Antisémitisme: le modèle québécois encore derrière l’Ontario

376 / 672

Nombre d’actes antisémites commis au Québec / en Ontario en 2009.

Il n’y a rien à faire, le Québec est toujours à la traîne. Ce mercredi, comme chaque année, le B’nai Brith a rendu public son relevé des incidents antisémites commis au pays.  Les communautés juives étant les plus présentes au Québec et en Ontario, c’est là que le nombre d’intolérants est le plus grand. Un seul acte antisémite en est un de trop, mais ces chiffres sont intéressants en regard du procès permanent d’antisémitisme fait au Québec. On trouvait encore la semaine dernière cette perle, de Lorne Gunter, chroniqueur politique régulier du National Post.

Il y a toujours un important élément « pure laine » dans le mouvement souverainiste qui veut un Québec indépendant précisément pour y réduire l’influence des Juifs, des anglophones et des immigrants.

Je m’étais intéressé de près à ces questions, dans les années 1990, quand Mordecaï Richler décrivait le Québec dans les gazettes américaines comme une endroit tribal, obsédé, hautement anti-sémite mais avec de bons restaurants. J’avais noté le phénomène: en termes bruts, la vie est significativement plus dure pour la communauté juive en Ontario qu’au Québec. C’est injuste en soi, et injuste en mathématiques, puisque les Ontariens sont plus nombreux que nous.

Or, même ramené en proportion de la population, les Ontariens sont plus enclins aux gestes antisémites que les Québécois. En 2009, il faudrait qu’on ait recensé au Québec une trentaine d’actes de plus pour que l’intensité soit la même dans les deux provinces. Ou autrement calculé, les Ontariens auraient dû en commettre 50 de moins pour s’ajuster au niveau québécois.

Il y a donc un paradoxe, car historiquement les Québécois expriment aux sondeurs davantage d’opinions antisémites que ne le font les autres Canadiens.
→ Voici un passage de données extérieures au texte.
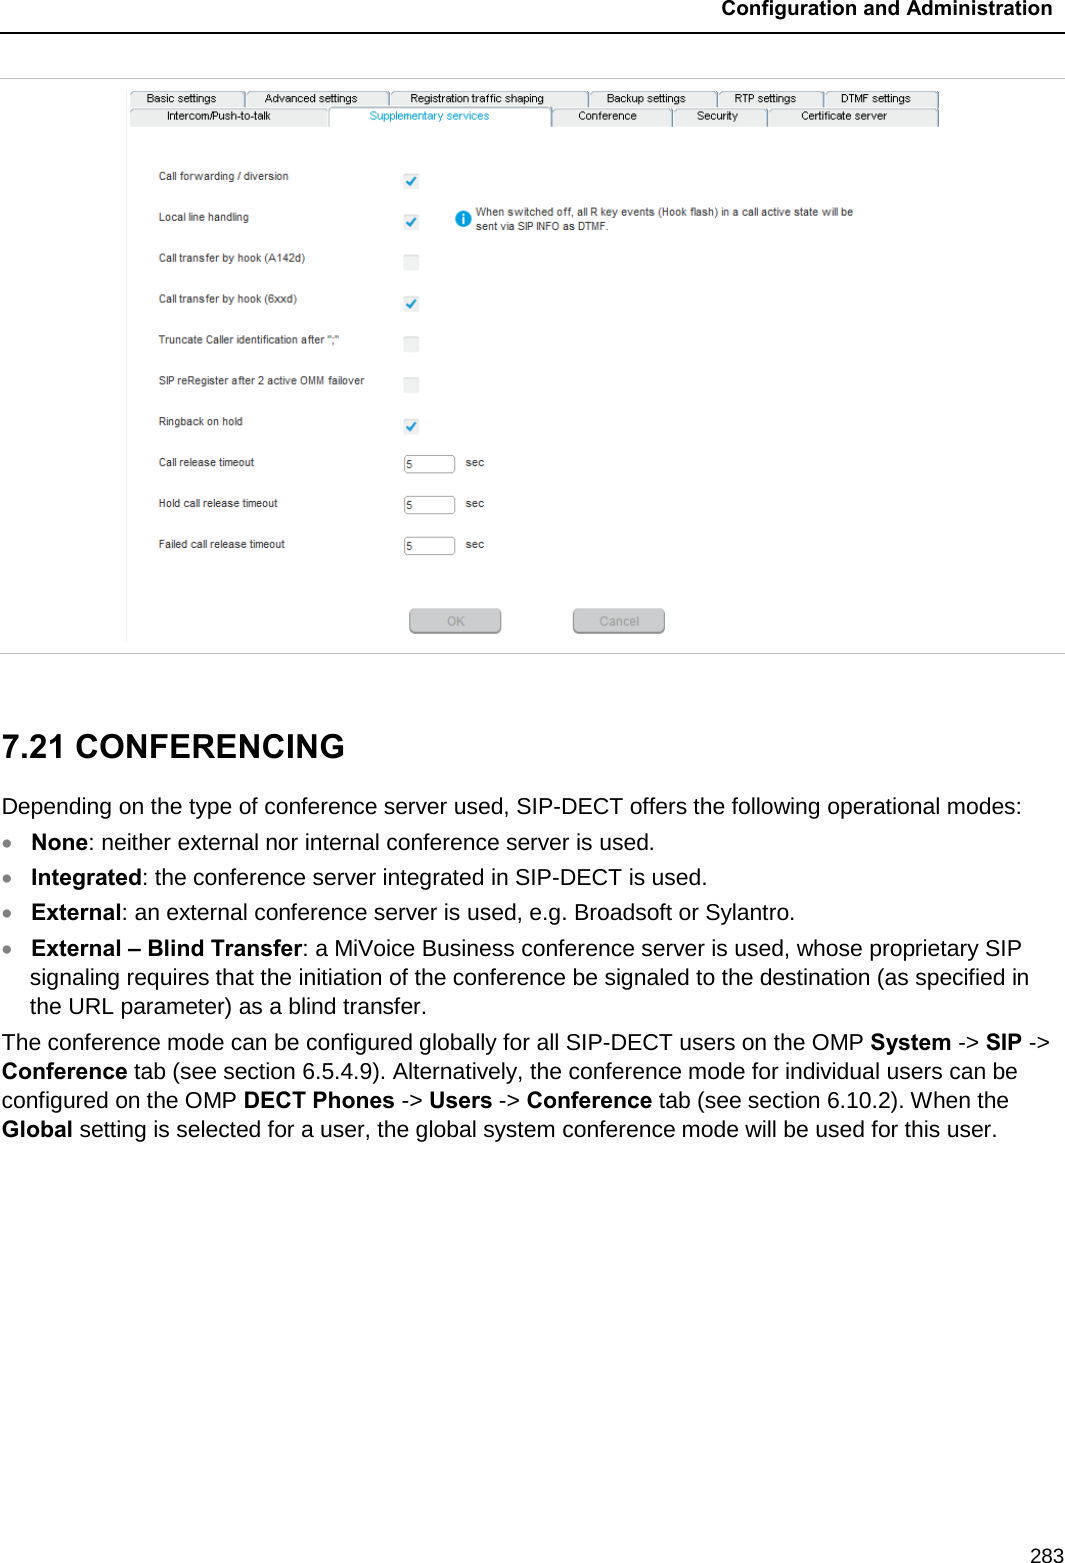  Configuration and Administration  283   7.21 CONFERENCING  Depending on the type of conference server used, SIP-DECT offers the following operational modes: • None: neither external nor internal conference server is used. • Integrated: the conference server integrated in SIP-DECT is used. • External: an external conference server is used, e.g. Broadsoft or Sylantro. • External – Blind Transfer: a MiVoice Business conference server is used, whose proprietary SIP signaling requires that the initiation of the conference be signaled to the destination (as specified in the URL parameter) as a blind transfer. The conference mode can be configured globally for all SIP-DECT users on the OMP System -&gt; SIP -&gt; Conference tab (see section 6.5.4.9). Alternatively, the conference mode for individual users can be configured on the OMP DECT Phones -&gt; Users -&gt; Conference tab (see section 6.10.2). When the Global setting is selected for a user, the global system conference mode will be used for this user.

Le récent sondage de l’Association d’études canadiennes, déjà cité ici, donne cette ventilation des opinions très défavorables exprimées par les Ontariens et les Québécois envers des minorités.

Les Ontariens ont une opinion «très défavorable» :

5,5% des Amérindiens
5,2% des francophones
4,0% des immigrants
2,1 % des Juifs

Les francophones, eux, ont une opinion «très défavorable» :

6,5%  des Juifs
4,0% des Amérindiens
3,3% des immigrants
1,5% des Canadiens-anglais

Cette inversion est en soi intéressante. Les Canadiens-français sont les Juifs des Ontariens.

Plus intéressant encore: même si les Québécois avouent en bien plus grand nombre que les Ontariens une opinion défavorable des Juifs, ils sont moins enclins que les Ontariens à passer à l’acte antisémite.

Pour une fois, il faut féliciter les Québécois d’être des grands parleurs, mais des petits faiseurs… et espérer qu’ils ne soient ni l’un ni l’autre.

Note en petits caractères :

Les billets « Temps durs pour les détracteurs du modèle québécois » ne prétendent pas que tout est parfait au Québec, tant s’en faut. L’auteur a d’ailleurs proposé, dans ses ouvrages et sur ce blogue, des réformes nombreuses et importantes visant à surmonter plusieurs des importants défis auxquels le Québec est confronté. Cependant, la série permet de percer quelques trous dans le discours ambiant qui tend à noircir la situation globale du Québec qui, pourtant, affiche d’assez bons résultats comparativement aux autres sociétés semblables.